L’espoir de pouvoir se vaincre
Tous les artistes se reconnaîtront sans doute dans le désespoir du personnage de Philippe, joué par Olivier Normand. La première reprise de Vinci de Robert Lepage depuis sa création en 1985 se déroule à la même époque, mais son histoire est intemporelle. Cette exploration du revers artistique d’un photographe qui vient de perdre son ami et mentor laisse entrevoir sa recherche d’une raison d’être.
Les premières répliques en italien prononcées par le guide aveugle, Frédérick Bouffard, sont une agréable surprise qui nous transporte tout de suite dans la sagesse philosophique de Léonard de Vinci. En effet, la présence du guide italien est drôlement rassurante dans cette adaptation pour deux de l’original. Car il guide aussi bien Philippe que le public à travers le périple. La relation entre ces deux personnages est bien visible dans la scène à Florence. La mise en scène de Frédéric Dubois a soigneusement tissé une harmonie entre le texte reconstitué à partir des improvisations de Robert Lepage et la chorégraphie physique.

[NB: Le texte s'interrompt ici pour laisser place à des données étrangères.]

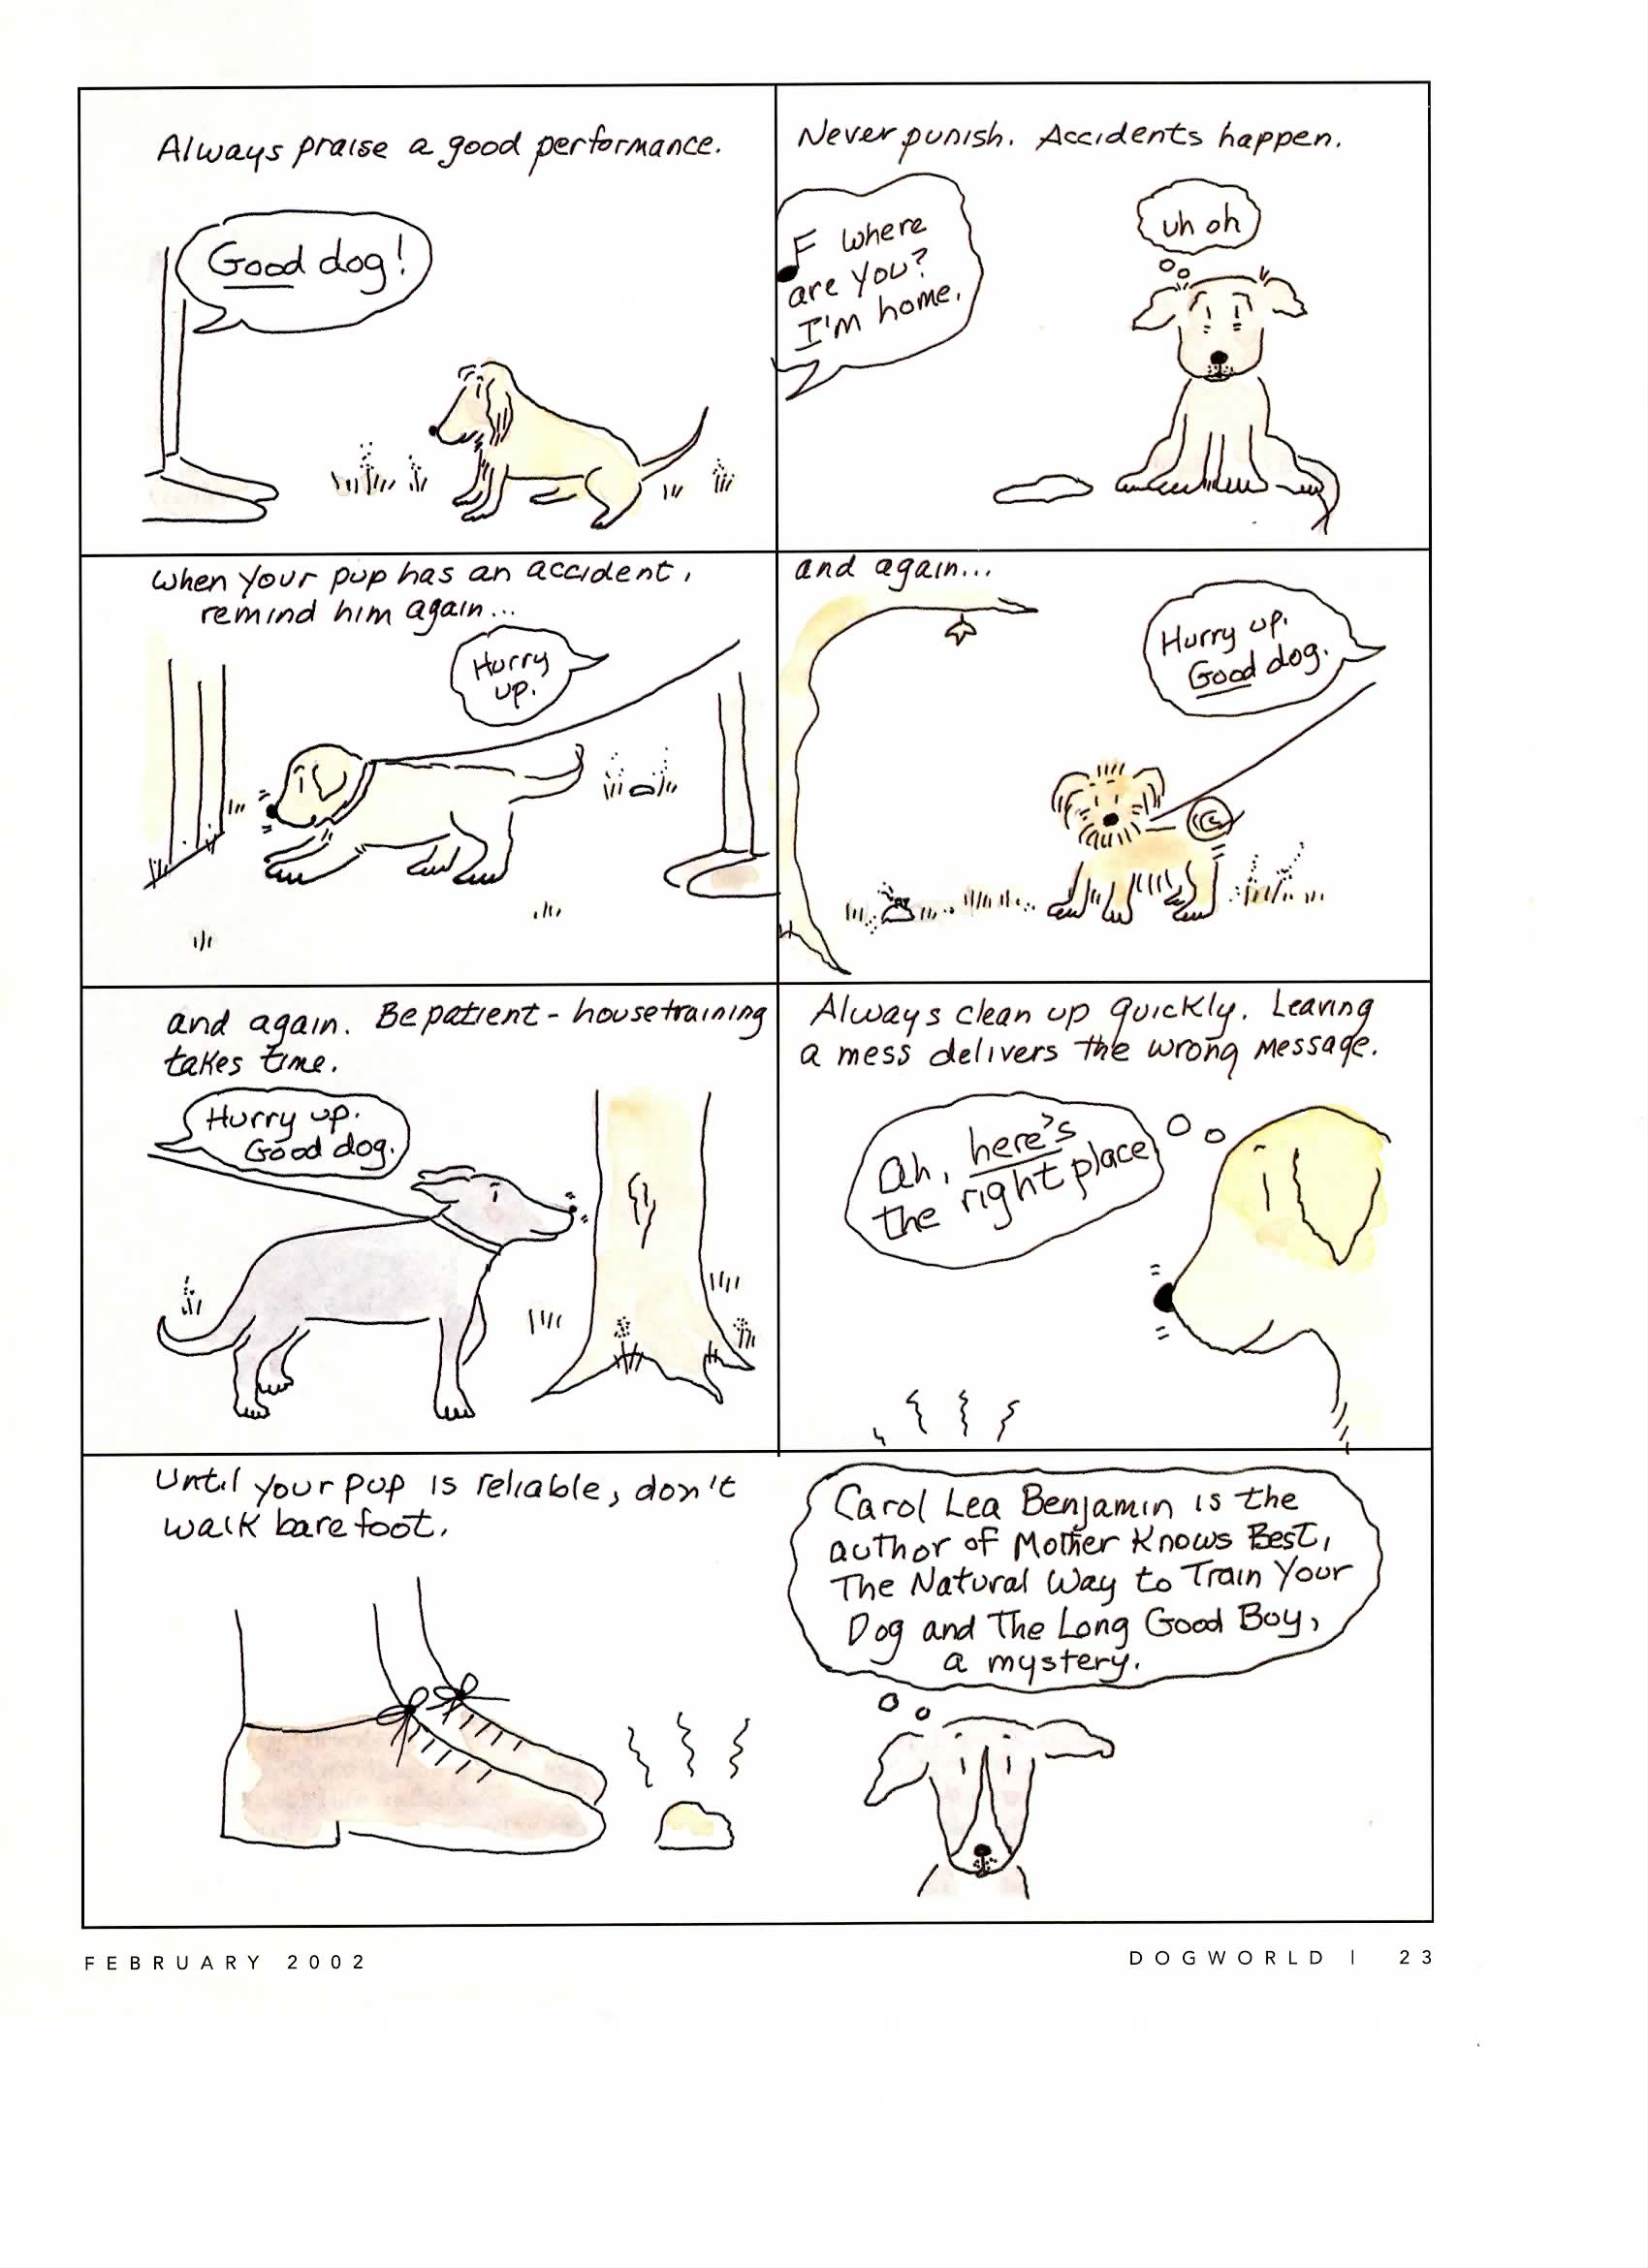 house training a puppy | Carol Lea Benjamin on Dogs

La polyvalence d’Olivier Normand est bien illustrée, alors qu’il devient successivement un guide touristique britannique, une employée du Louvre, la Joconde et, finalement, lui-même. Cette transformation du personnage sur scène produit un enchantement total. Son effet est amplifié par l’éclairage hors pair de Caroline Ross et de l’équipe technique du Cercle Molière. On apprend que la Mona Lisa avait été recouverte par une plaque de vitre pour empêcher qu’elle soit vandalisée. Frédéric Dubois fait parler la Joconde, son nez pressé contre un mur de vitre, comme si elle mourrait d’envie de nous révéler tous les secrets de son peintre, Léonard de Vinci.
Décor minimaliste et théâtre de l’absurde vont main dans la main et c’est cette approche que semble avoir adoptée l’équipe de Vinci pour la scénographie et pour faciliter les transitions de lieu. Les couloirs de vitre coupent le public de sa proximité à la scène pour créer un froid, froid qui traversait aussi les expositions du photographe. Philippe est perpétuellement en transit et ce n’est qu’à la fin qu’il donne l’impression d’être arrivé. C’est-à-dire qu’il est arrivé à reprendre de l’espoir et à le transmettre au public. Vinci nous amène à croire que oui, il est possible de vaincre ces défis personnels qui accablent notre présent.
par Amber O’REILLY
L’humain au bout du fil
Il y a une scène dans la pièce Vinci à vous fendre le coeur.
Philippe, le personnage principal, est dans la gare de Cannes, où il tente de contacter sa blonde québécoise depuis un téléphone payant (Produite pour la première fois en 1985, Vinci se déroule à nouveau en 1985, avant les téléphones intelligents et l’avènement d’Internet).
Philippe est en déprime. Le photographe fait le deuil de son ami Marc, qui s’est suicidé. Il s’interroge aussi sur son talent artistique. N’est-il rien qu’un photographe manqué?
Mais au lieu de tomber sur la boîte vocale de sa petite amie, Philippe entend la voix de Marc. Répondeur toujours fonctionnel dans l’appartement du défunt? Bribes en provenance de l’au-delà?
Chose certaine, le choc de Philippe devient le nôtre. Et ses faibles gémissements, tentatives haletantes de rompre finalement son isolement, bouleversent.
C’est ça la magie du théâtre. La magie intime, lucide et transparente du moment où l’on se laisse complètement absorber par l’émotion présente, et l’émotion présentée sur la scène.
Et c’est ça le génie de Robert Lepage, le célèbre metteur en scène dramaturge et comédien québécois. Lepage a l’habileté d’aller droit au coeur du tableau qu’il nous brosse. Et de nous permettre d’en faire partie. L’émotion étalée, on la connaît. Elle est humaine et rejoint l’humanité toute entière.
Outre la scène de la gare de Cannes, et pour plusieurs autres encore, Vinci entretient le potentiel de séduire, mais par la technique. Vinci nous inonde de toutes sortes d’effets visuels et sonores, d’astucieux jeux de rhétorique et de réflexions sur l’art.
Nous présenter, un ruban à mesurer à l’appui, l’histoire de l’art en 60 secondes, c’est ludique, voire même rigolo, et intello. C’est jeune, surtout.
Comme l’était Robert Lepage en 1985.
N’empêche. On entrevoyait déjà son génie à travers d’étonnants moments, comme celui d’un cri du coeur lancé vers un mort au bout du fil.